In summary, about 70% of the pages are new to this edition. The third edition is also about 10% longer than the first if we don't include the online appendices, and about 30% longer if we do.

#### Navigating the text

There is no single best order in which to approach these chapters. We wrote the text so that it can be covered in several ways, the only real restriction being that some chapters should be read in sequence, namely, Chapters 2, 3, and 4 (pipelining) and Chapters 7 and 8 (storage systems, interconnection networks, and clusters). Readers should start with Chapter 1 and should read Chapter 5 (memory hierarchy design) before Chapter 6 (multiprocessors). Appendices C, D, E, F, and H should be read after Chapter 2. If Appendix A is going to be read, it should be read before Chapters 3 and 4. Appendix G is an interesting contrast to the ideas in Chapters 3 and 4.

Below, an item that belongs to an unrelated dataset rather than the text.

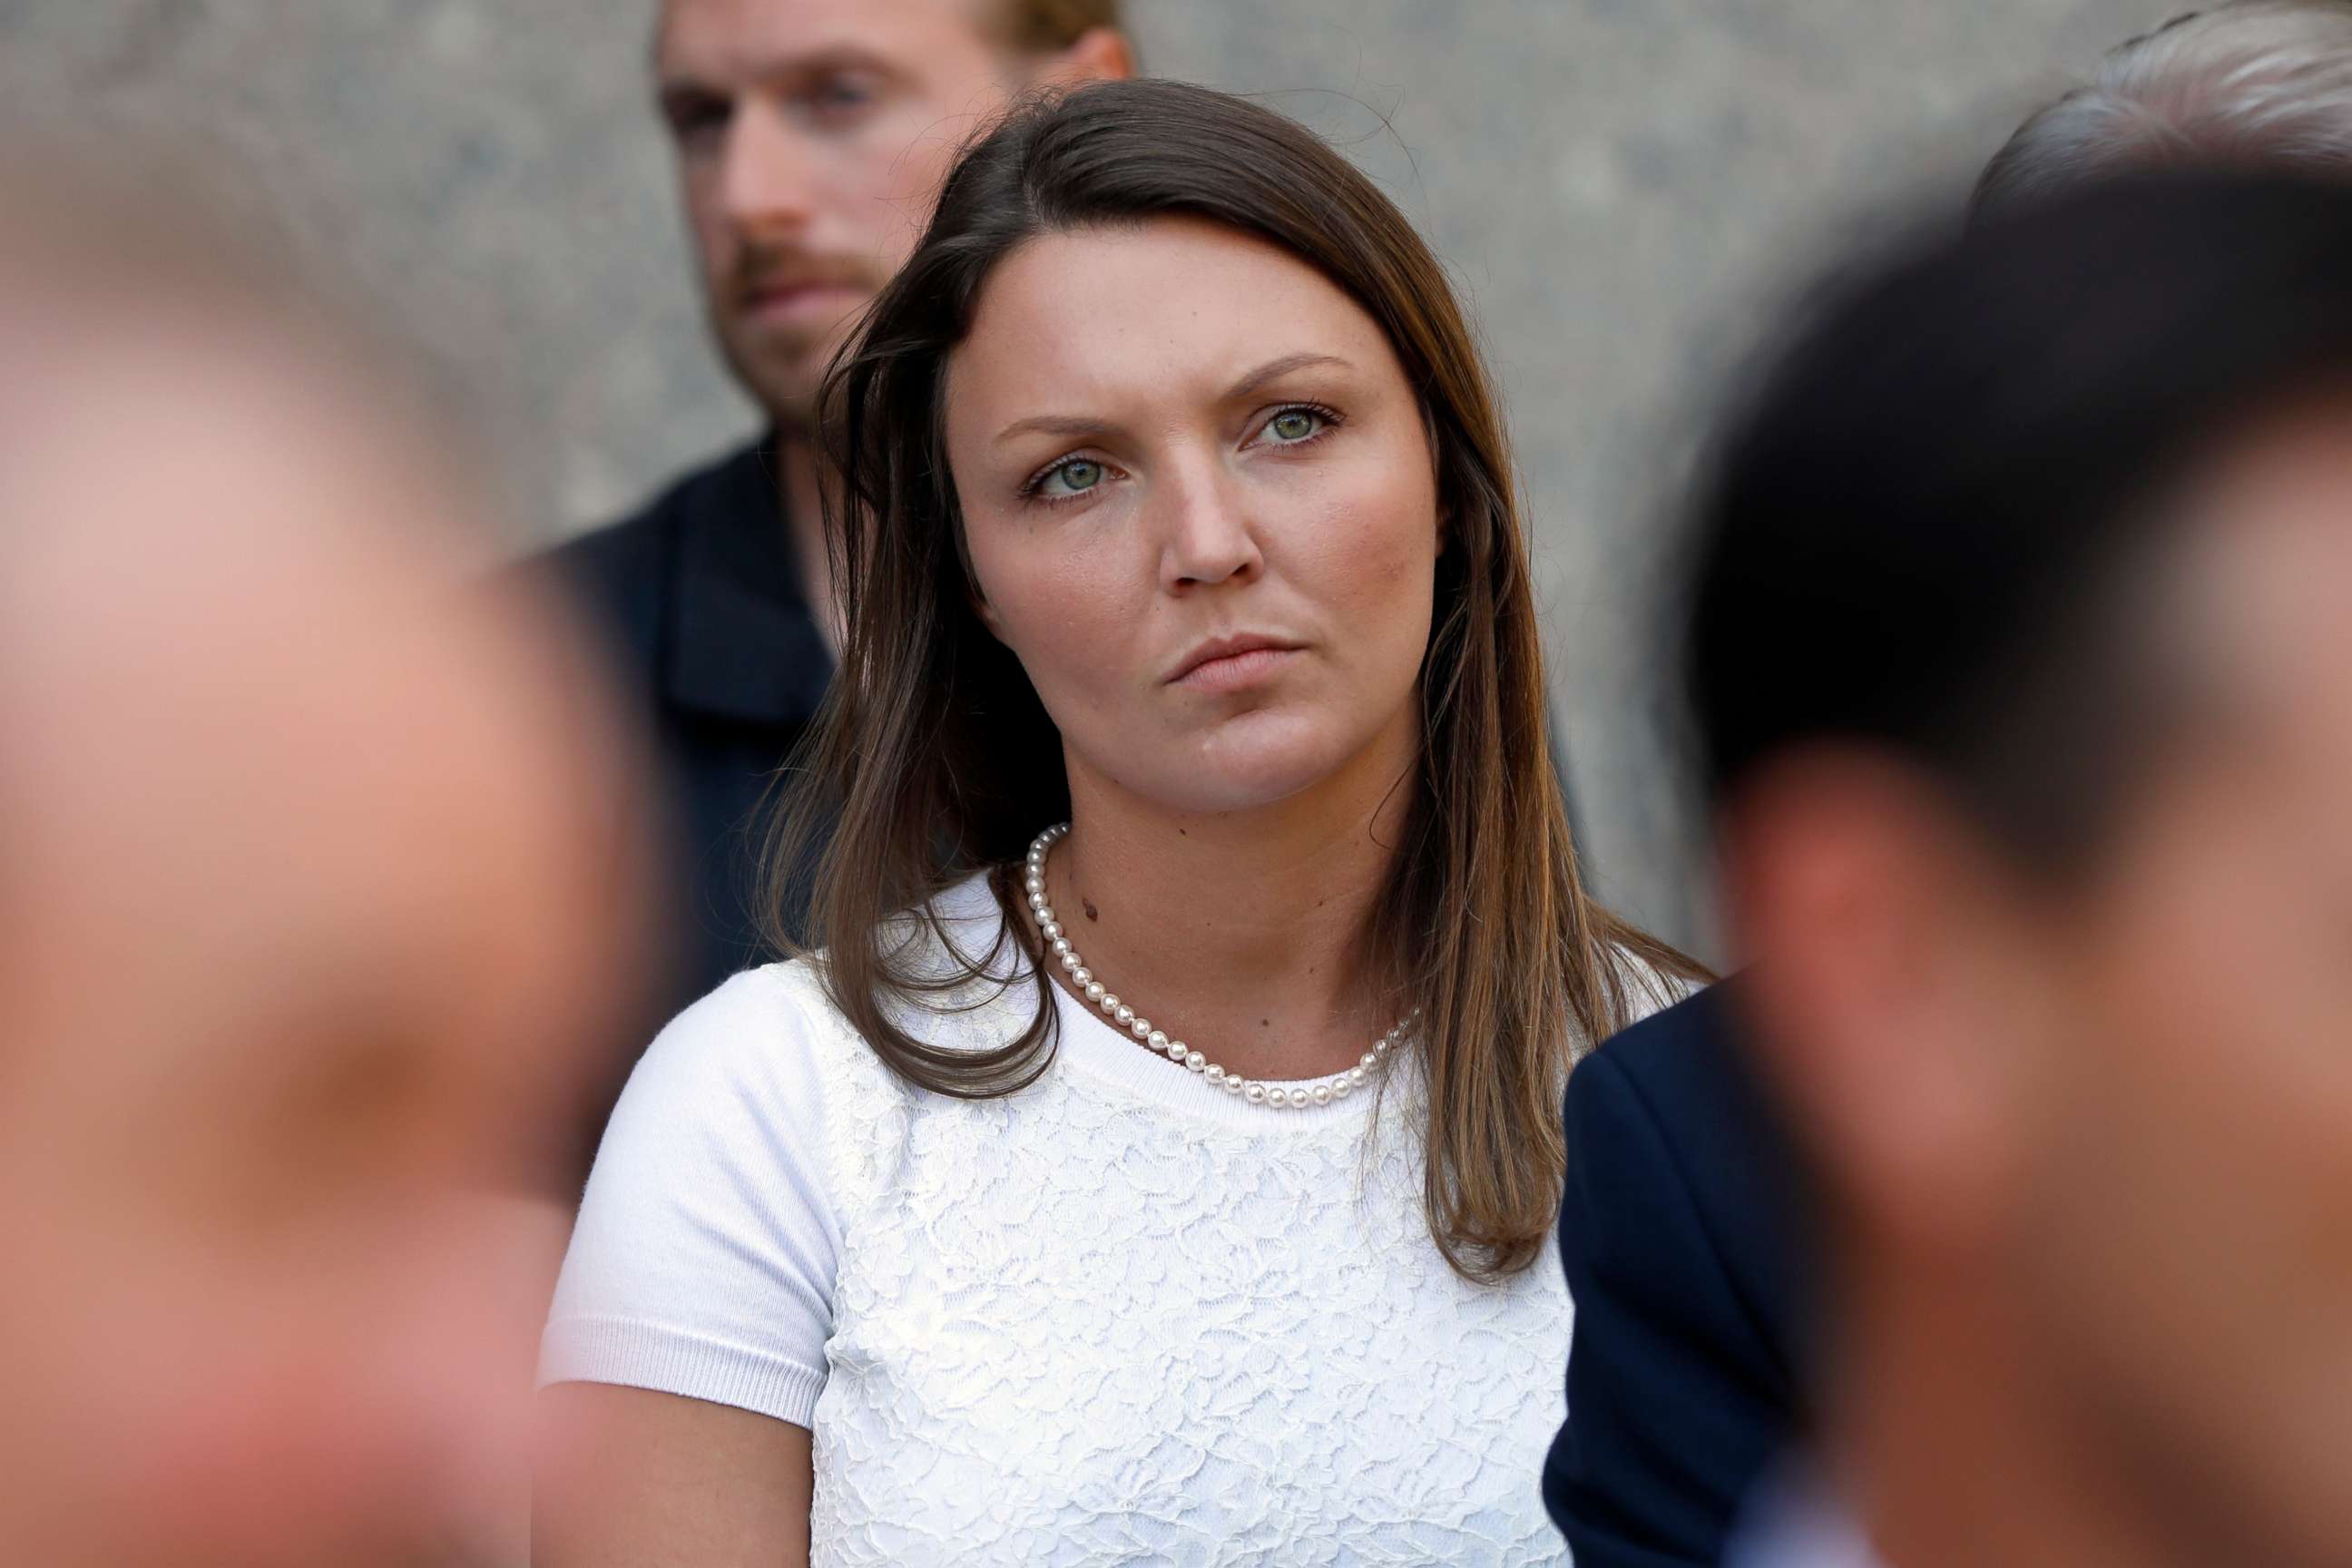 PHOTO: Courtney Wild, one of Jeffrey Epstein's accusers who spoke at his bail hearing, attends a news conference outside federal court, in N.Y., July 15, 2019.

Despite the many ways to read this book, we expect two primary paths:

- 1. Inside out: The philosophy of this choice is that processor design is still the cornerstone of computer architecture, and the nonprocessor topics are covered as time permits. Start with Chapter 1, then inside the processor (Chapters 2, 3, 4), then memory hierarchy (5), followed by multiprocessors (6), storage (7), and finish with networks and clusters (8).
- 2. Outside in: The philosophy of this path is that the most interesting challenges in computer architecture today are outside the processor, and that processor internals are covered as time permits. Start again with Chapter 1, then memory hierarchy (5), followed by multiprocessors (6), storage (7), networks and clusters (8), and conclude with instruction sets and pipelining (Chapters 2, 3, 4).

#### **Chapter Structure and Exercises**

The material we have selected has been stretched upon a consistent framework that is followed in each chapter. We start by explaining the ideas of a chapter. These ideas are followed by a "Crosscutting Issues" section, a feature that shows how the ideas covered in one chapter interact with those given in other chapters. This is followed by a "Putting It All Together" section that ties these ideas together by showing how they are used in a real machine. This is followed by one or two sections titled "Another View," a new feature for the third edition that gives a real-world example from the embedded or server space.

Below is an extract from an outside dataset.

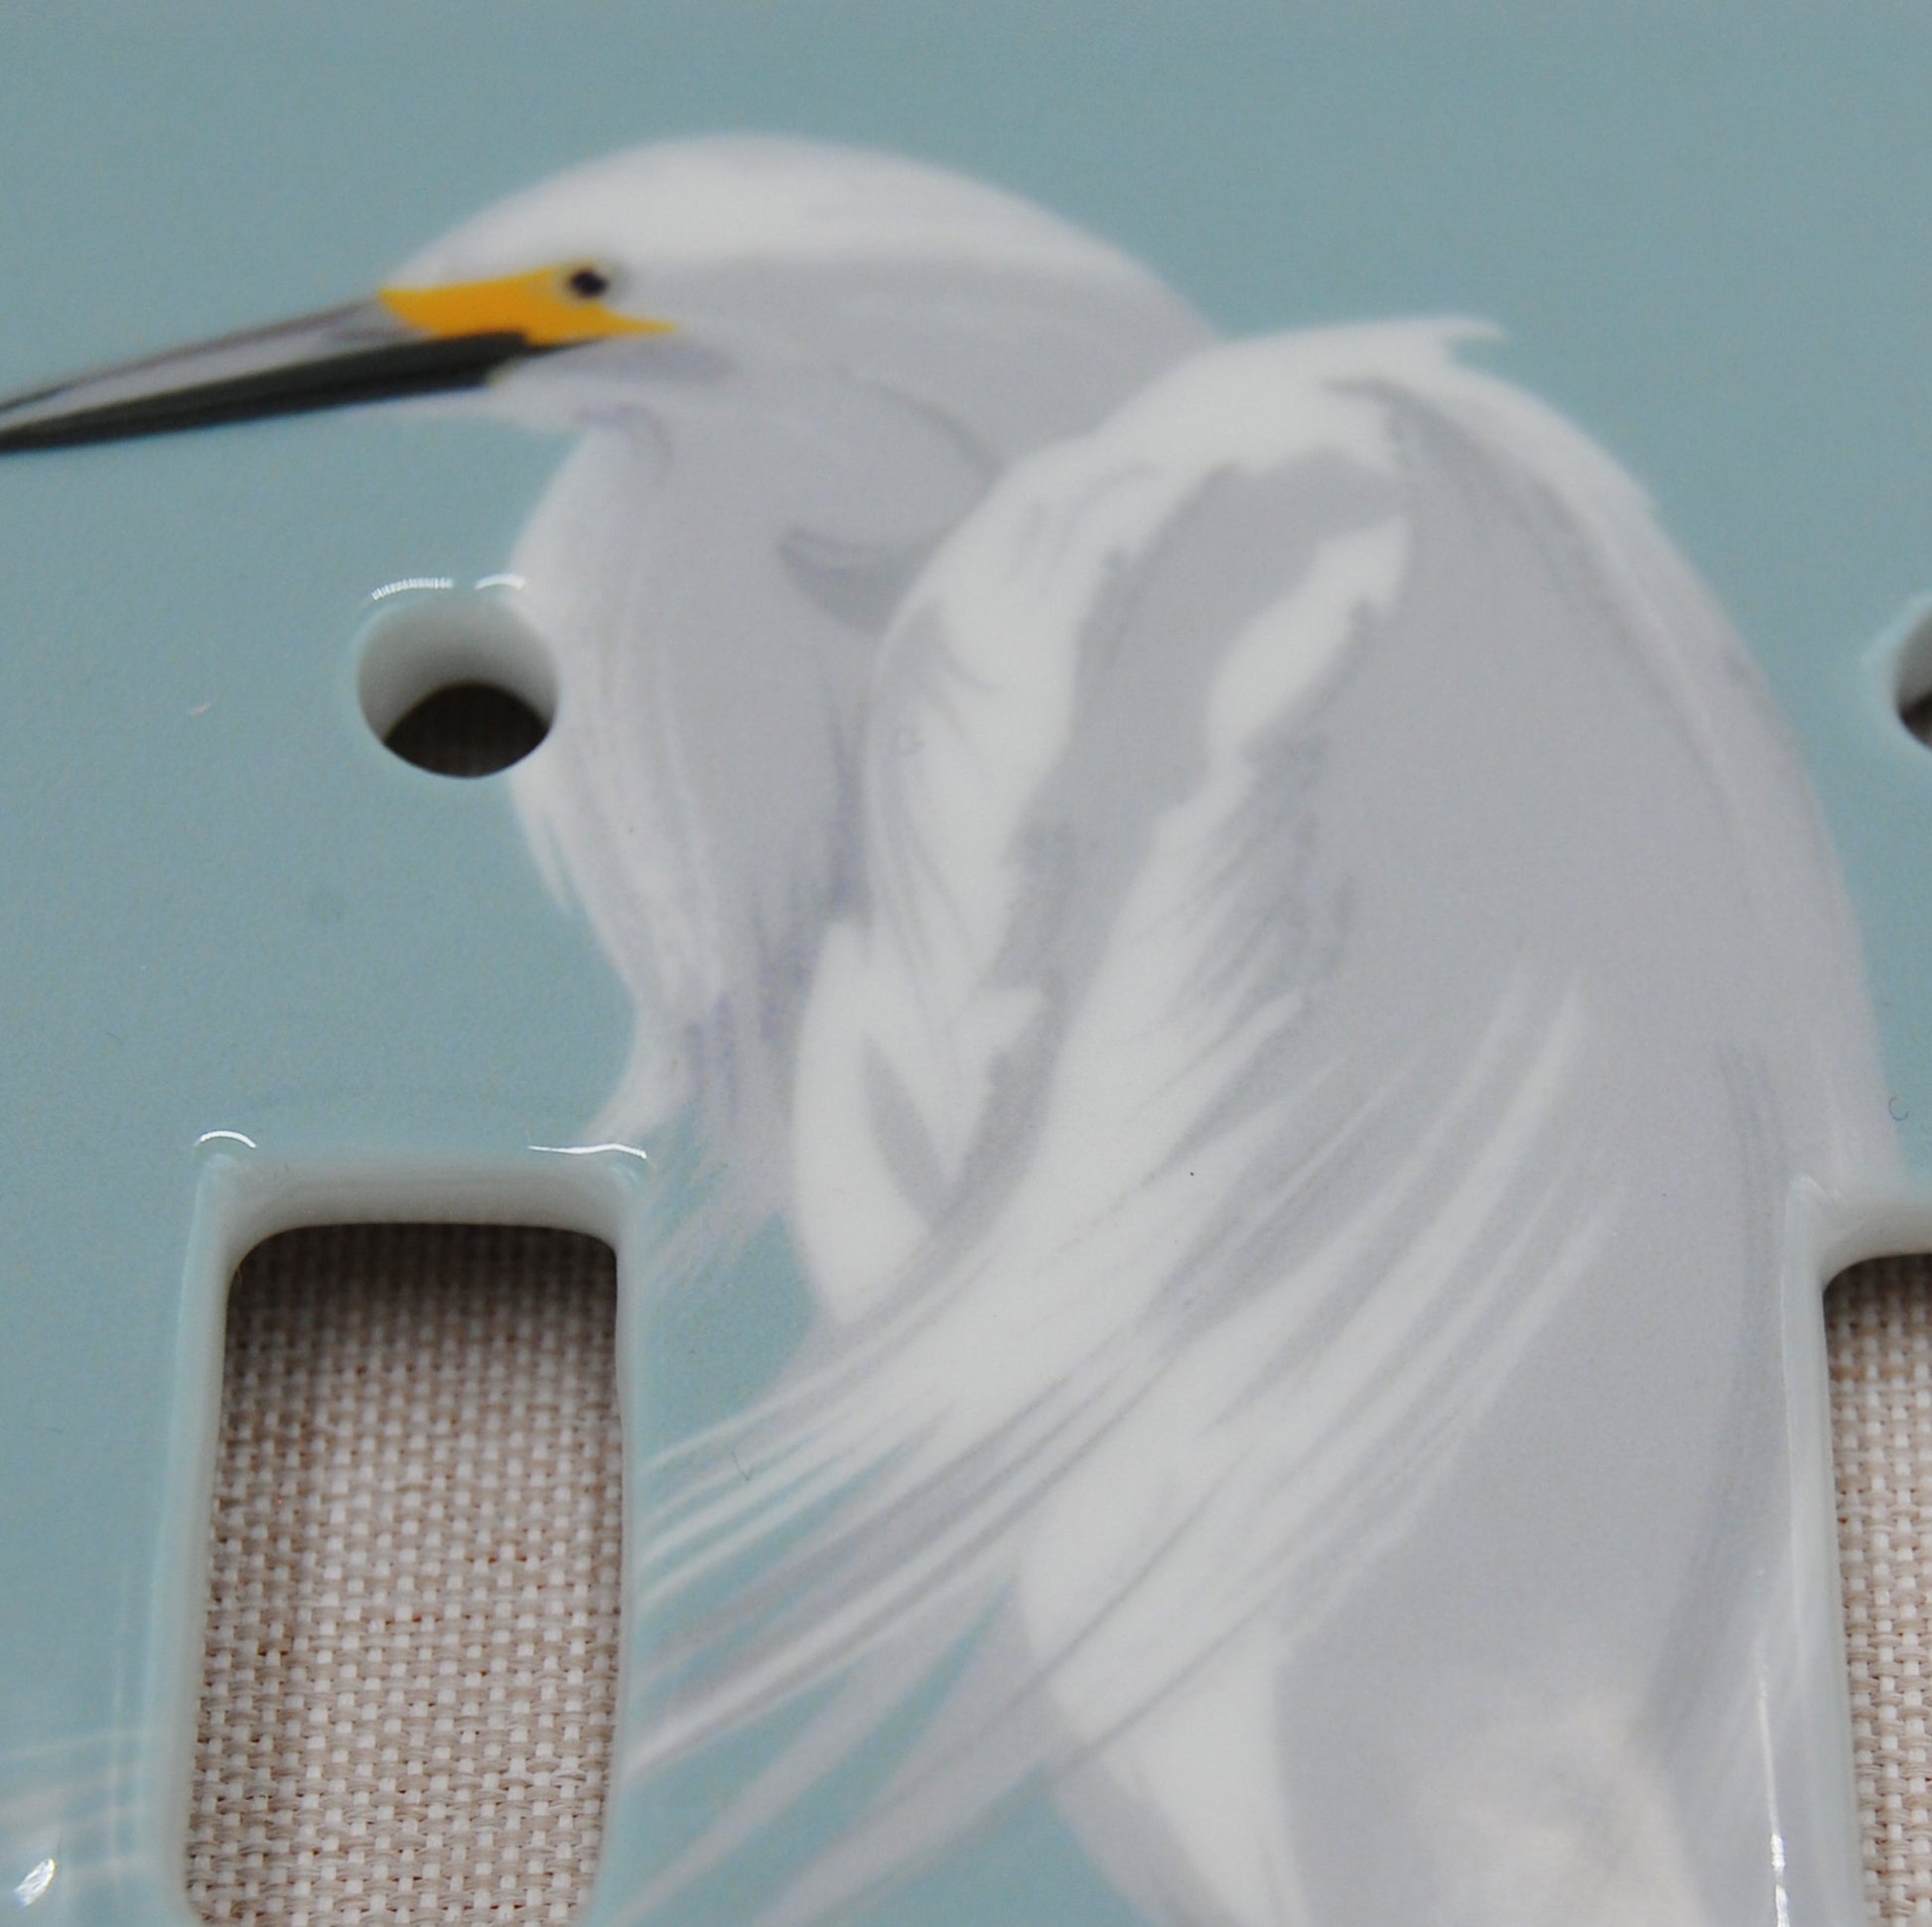 Detail shot of the White Egret Switch Plate.

Next in the sequence is "Fallacies and Pitfalls," which lets readers learn from the mistakes of others. We show examples of common misunderstandings and architectural traps that are difficult to avoid even when you know they are lying in wait for you. Each chapter ends with a "Concluding Remarks" section, followed by a "Historical Perspective and References" section that attempts to give proper credit for the ideas in the chapter and a sense of the history surrounding the inventions. We like to think of this as presenting the human drama of computer design. It also supplies references that the student of architecture may want to pursue. If you have time, we recommend reading some of the classic papers in the field that are mentioned in these sections. It is both enjoyable and educational to hear the ideas directly from the creators. The "Fallacies and Pitfalls" and "Historical Perspective" sections are two of the most popular sections of prior editions.

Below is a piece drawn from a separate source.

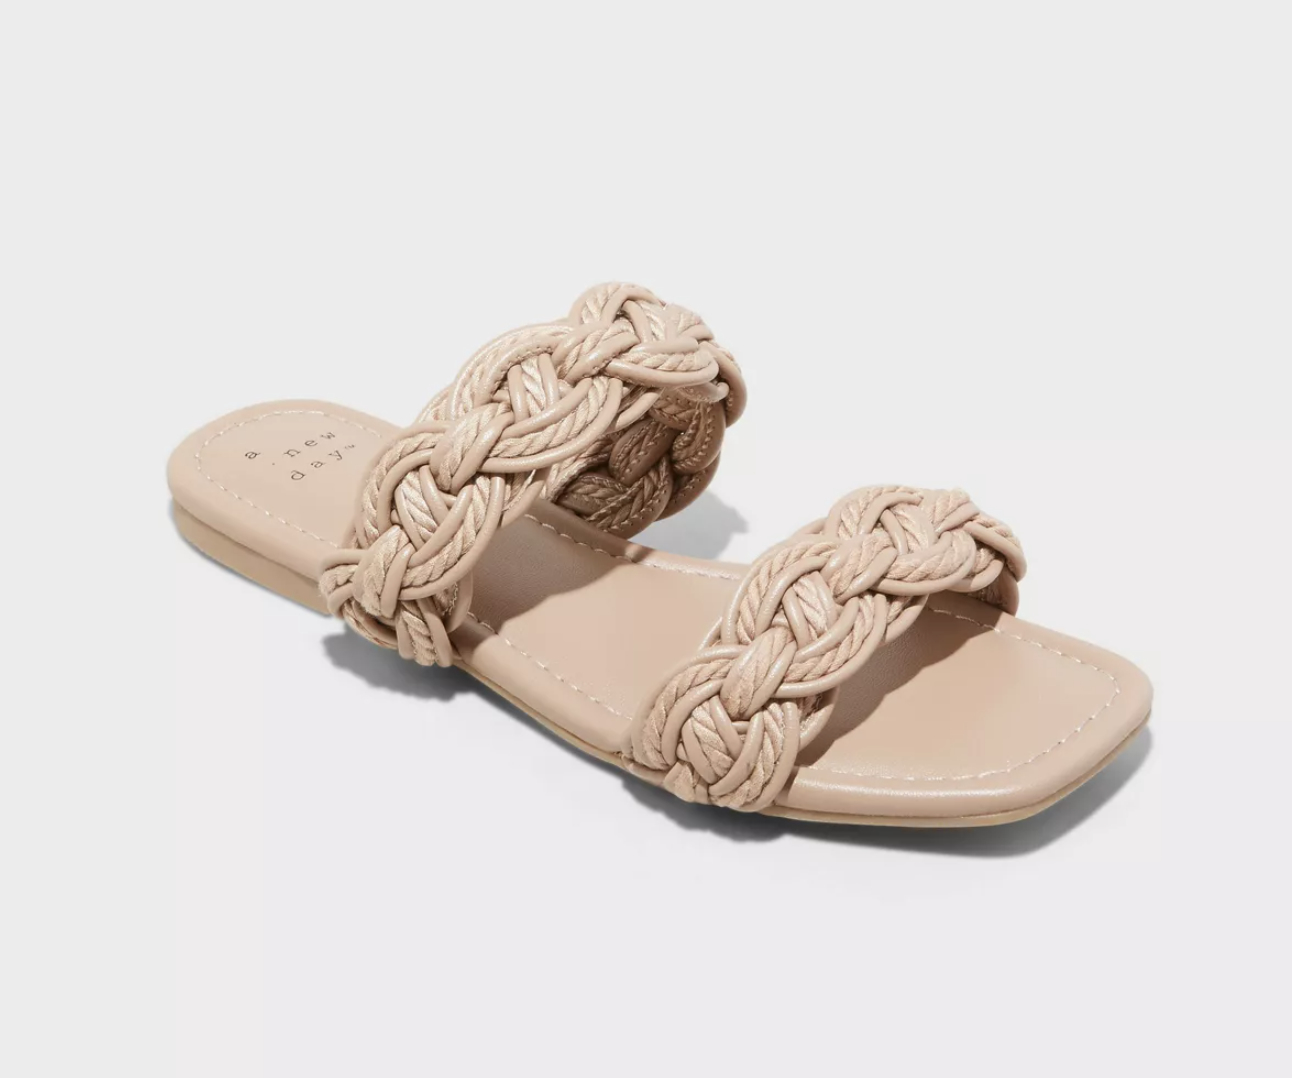 A pair of braided sandals on a plain background

Each chapter ends with exercises, over 200 in total, which vary from one-minute reviews to term projects. Brackets for each exercise (<chapter.section>) indicate the text sections of primary relevance to answering the question. We hope this helps readers to avoid exercises for which they haven't read the corresponding section, in addition to providing the source for review. Note that we provide solutions to selected exercises in Appendix B, which we indicate with the symbol. We also rate the exercises, estimating the amount of time a problem might take:

- [10] Less than 5 minutes (to read and understand)
- [20] 15 to 20 minutes for a full answer
- [25] 1 hour for a full written answer
- [30] Short programming project: less than 1 full day of programming
- [40] Significant programming project: 2 weeks of elapsed time
- [50] Term project (2 to 4 weeks by a team)
- [Discussion] Topic for discussion with others

#### Supplements

An instructor's manual with fully worked-out solutions to the exercises in the book is available from the publisher to official instructors teaching from this book.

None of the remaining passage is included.